Financial Highlights
(Dollars in thousands, except per share data)
- ----------------------------------------------------------------------
                                                    Three Months Ended
                                                          March 31,
                                                       2003    2002
                                                    ------------------
Net income applicable to common stock                $10,840  $12,474
Operating income applicable to common stock           14,395   11,433
Earnings per common share (assuming
 dilution):
     Net income                                         0.38     0.45
     Operating income                                   0.51     0.41
- ----------------------------------------------------------------------


    FBL Financial Group, Inc. (NYSE:FFG) today announced that diluted
net income per common share totaled $0.38 ($10,840,000) for the
quarter ended March 31, 2003, compared to $0.45 ($12,474,000) in the
year ago quarter.
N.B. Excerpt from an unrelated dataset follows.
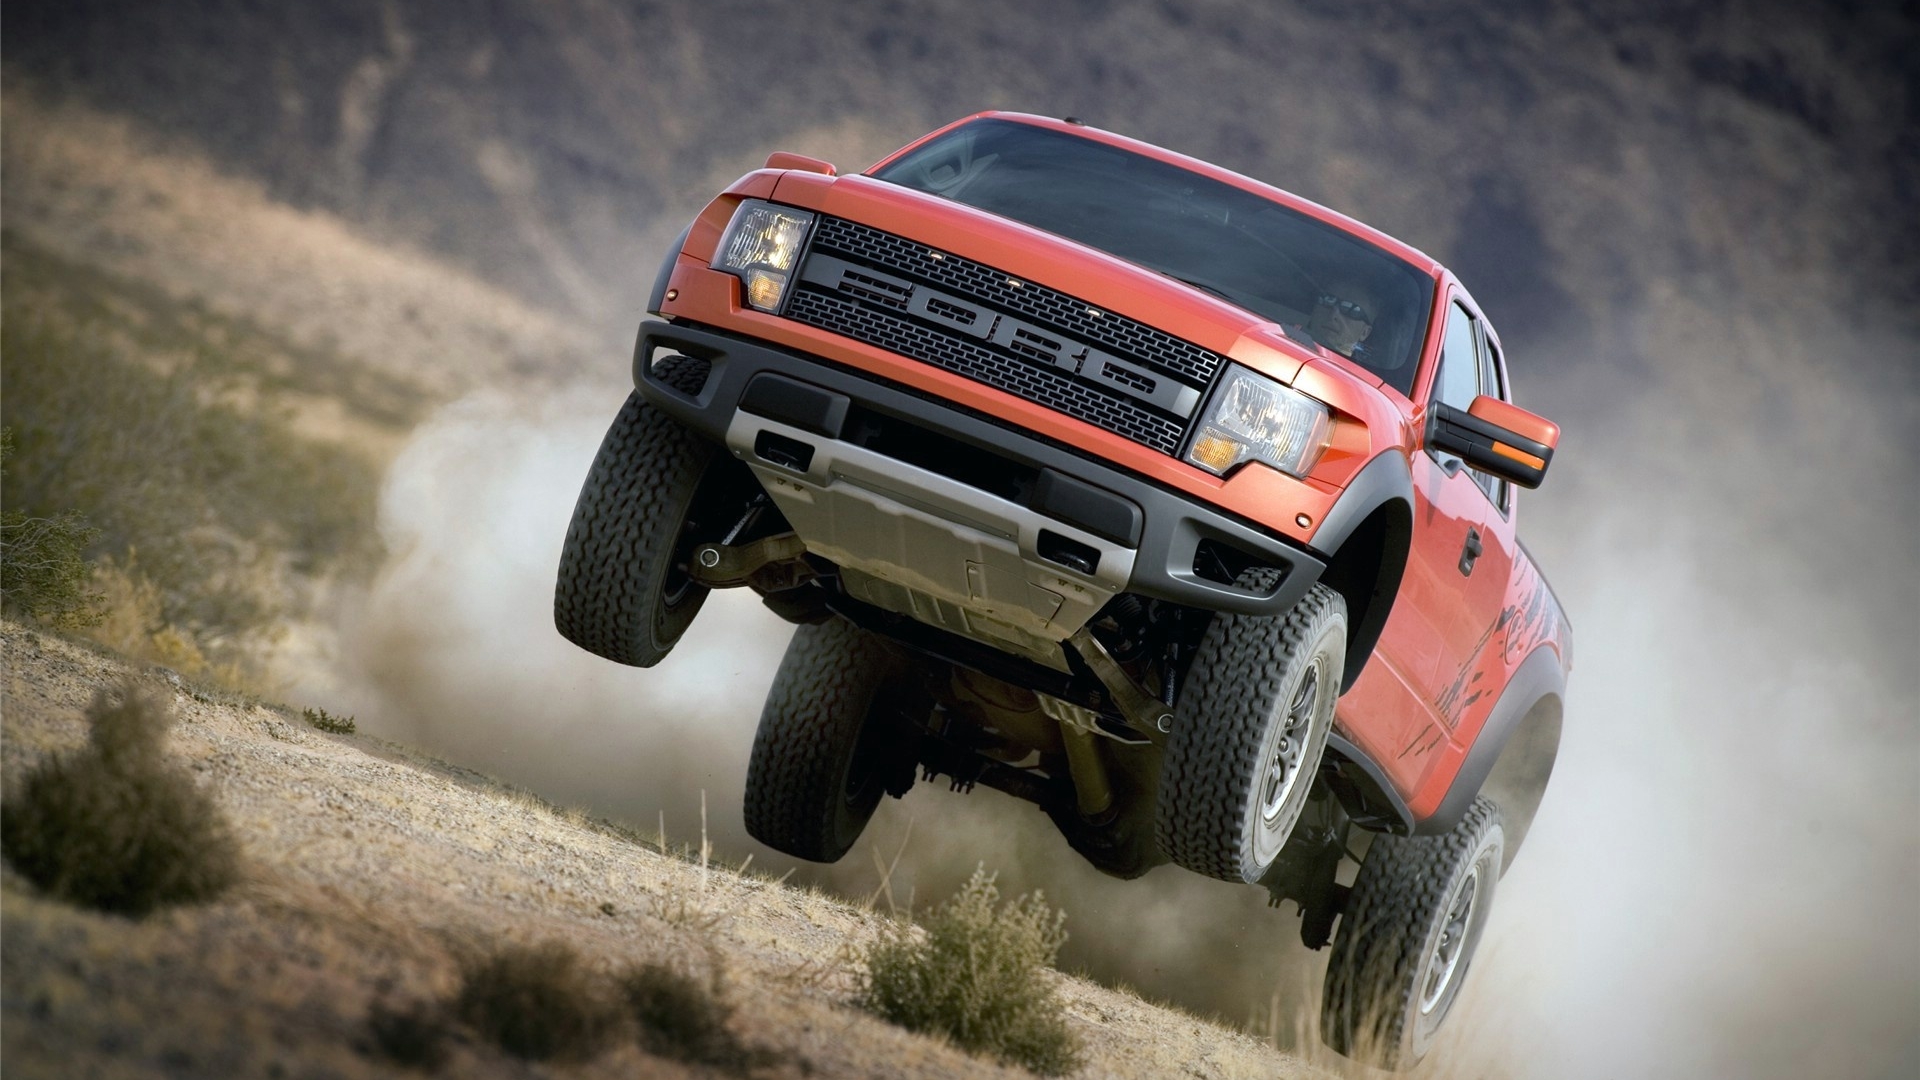 Free download wallpaper Ford, Vehicles on your PC desktop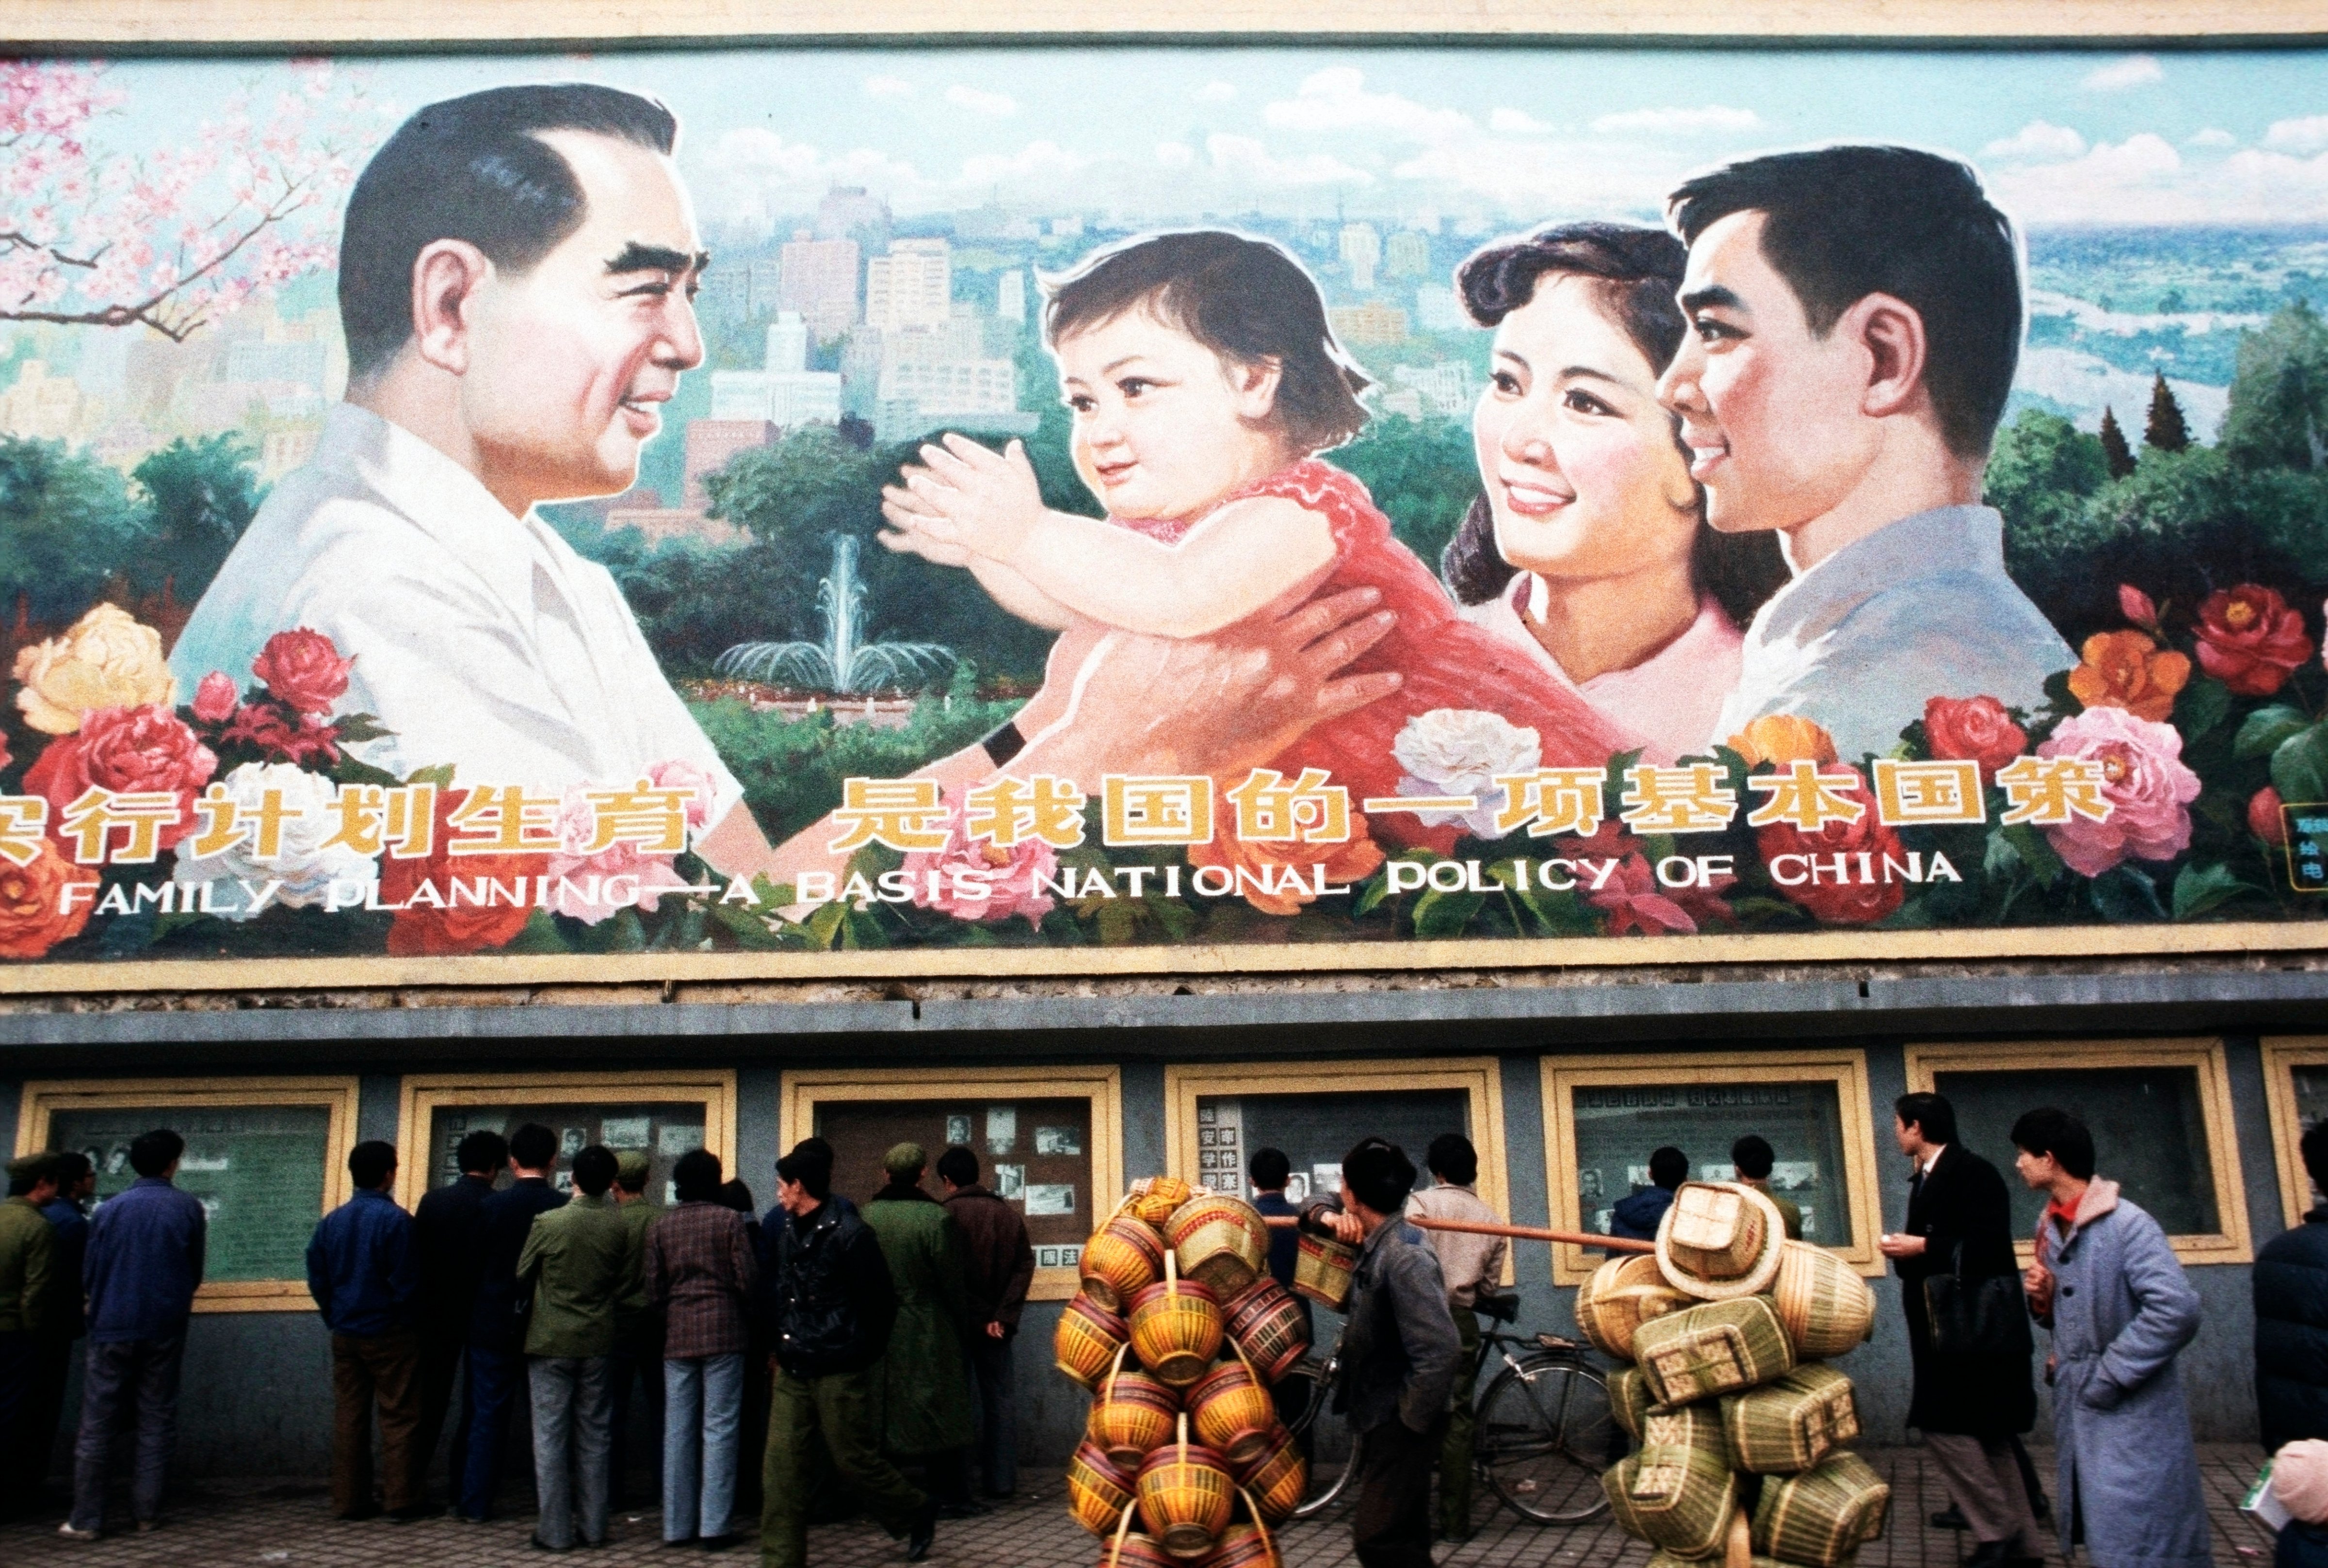 Pedestrians and a man carrying baskets pass by a huge billboard extolling the virtues of China's "One Child Family" policy. (Peter Charlesworth—Getty Images)

Net income includes the impact of realized losses on
investments of $0.13 per share in the first quarter of 2003 and
realized gains on investments of $0.04 per share in the first quarter
of 2002.
    Operating Income(a). Operating income, which excludes the impact
of realized gains and losses on investments, totaled $14,395,000 for
the quarter ended March 31, 2003, versus $11,433,000 in the first
quarter of 2002. Diluted operating income per common share totaled
$0.51 in the first quarter of 2003, a 24 percent increase over $0.41
in the first quarter of 2002. Operating income in the first quarter of
2003 includes a $0.10 per share contribution from FBL's coinsurance
agreement with American Equity Investment Life Insurance Company (AE)
compared to a $0.01 per share contribution in the first quarter of
2002.

    (a) In addition to net income, FBL Financial Group has
consistently utilized operating income, a non-GAAP financial measure
commonly used in the life insurance industry, as a primary economic
measure to evaluate its financial performance. Operating income equals
net income adjusted to eliminate the impact of realized gains and
losses on investments. Because realized gains and losses on
investments may fluctuate greatly from quarter to quarter, FBL
believes a measure excluding their impact is useful in analyzing core
operating trends. FBL believes the combined presentation and
evaluation of operating income, together with net income, provides
information that may enhance an investor's understanding of FBL's
underlying results and profitability. A reconciliation of net income
to operating income is provided in the accompanying tables.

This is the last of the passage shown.